Why don't containers filled with effervescent fluid resonate? I was recently involved in a project where we were investigating the physics of tibetan singing bowls. We discovered that when the bowl was filled with a sufficiently effervescent fluid, the bowl would not 'sing' or resonate at all. We termed this 'effervescent damping' but we have no idea how it actually takes place. Note that this type of damping did not occur with any of the non-fizzy liquids of similar viscosity and density.
No one we asked seemed to know the reason. Any help help in explaining this would be appreciated.
We also later found a paper stating that wine-glass playing (a similar idea to singing bowls) was not possible when the wine glasses were filled with champagne.
 A: For a singing bowl with water in it to resonate will require the mass of the water to be coupled to the mass of the bowl walls. This means there will be standing pressure waves within the fluid when the bowl is at resonance. 
Within a 3-D standing wave in a body of fluid there will be regions where the pressure in the fluid goes slightly negative (and others where the pressure is slightly positive) relative to atmospheric.

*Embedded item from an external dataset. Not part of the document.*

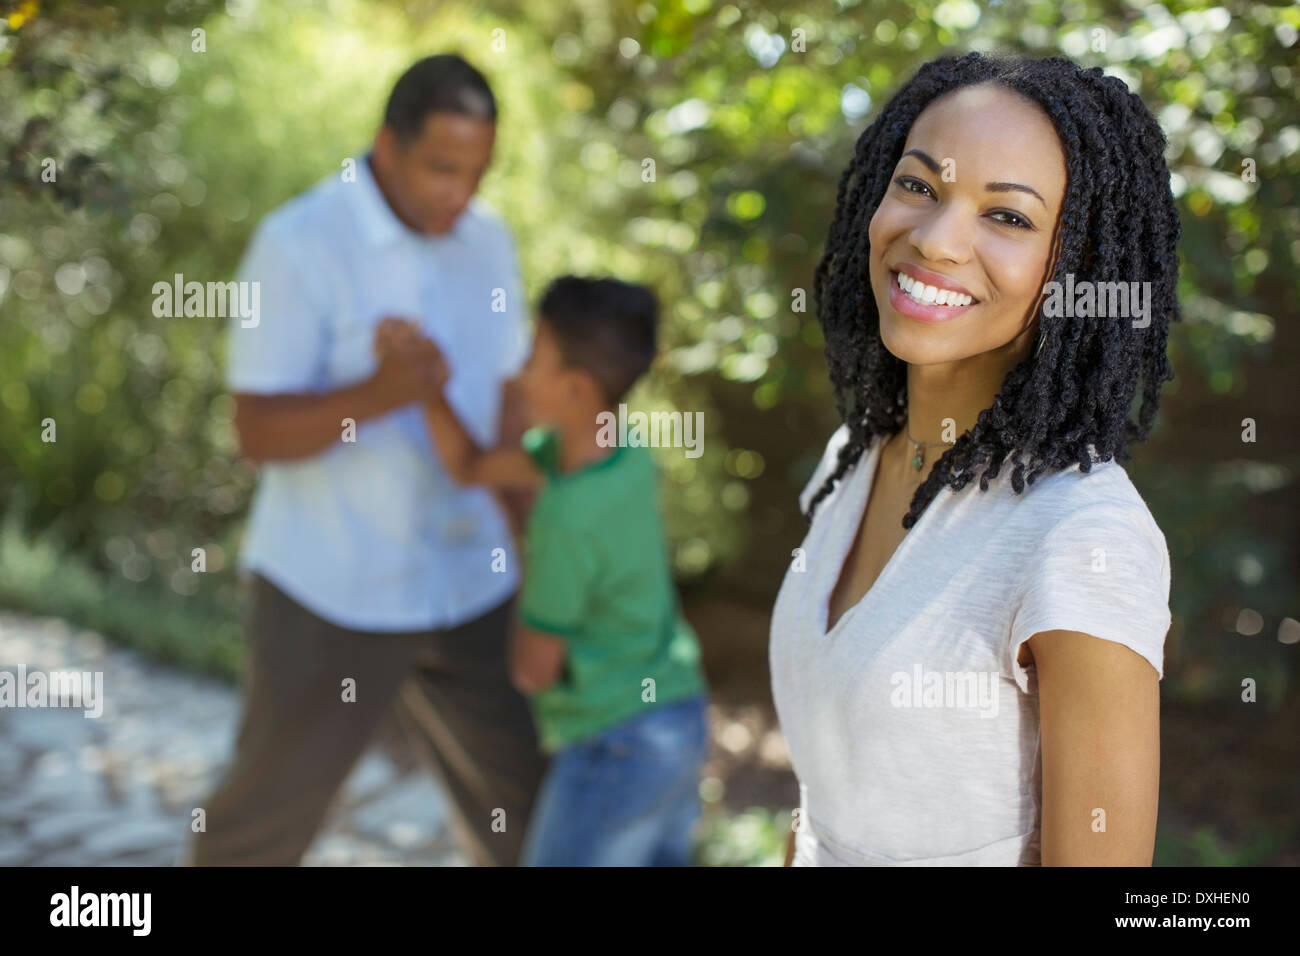 Portrait of smiling woman outdoors Stock Photo

If you exert a slight amount of negative pressure on a fluid which is supersaturated with dissolved gas (like freshly-opened club soda for example) it tends to exsolve the gas in those regions, performing a little work on the fluid/gas system in the process. The performance of that work extracts energy from the standing wave, damping it. 

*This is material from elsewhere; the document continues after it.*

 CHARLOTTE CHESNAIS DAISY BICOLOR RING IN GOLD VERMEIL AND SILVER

In this sense, exsolvation of dissolved gas in regions of slightly-negative pressure within the fluid would suppress the establishment of standing waves in the fluid, which is probably the reason why your bowls could not resonate with soda water in them.

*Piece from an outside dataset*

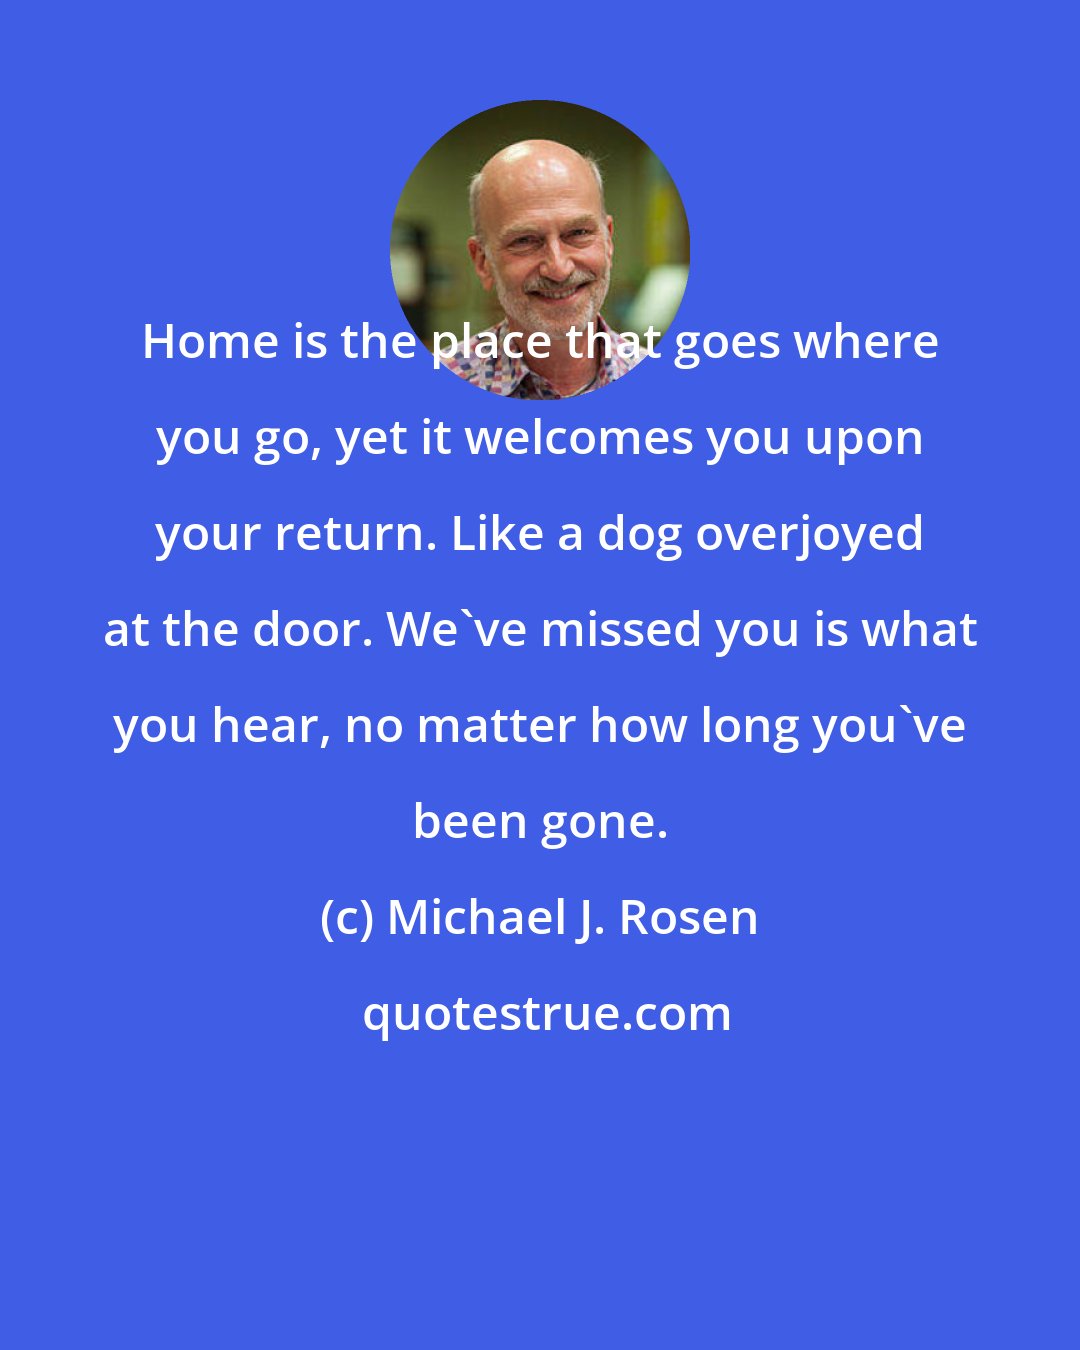 Michael J. Rosen: Home is the place that goes where you go, yet it welcomes you upon your return. Like a dog overjoyed at the door. We've missed you is what you hear, no matter how long you've been gone.

This could be tested experimentally by using a xenon flash strobe system to illuminate the fluid in the bowl for photography. The experiment is begun with pure water and the bowl set into resonance. The strobe is then sync'ed to that resonance. Then you slowly inject a syringeful of club soda into the center of the bowl and look for regions where the water turns milky, suggesting the transient exsolvation of the gas in regions of negative pressure.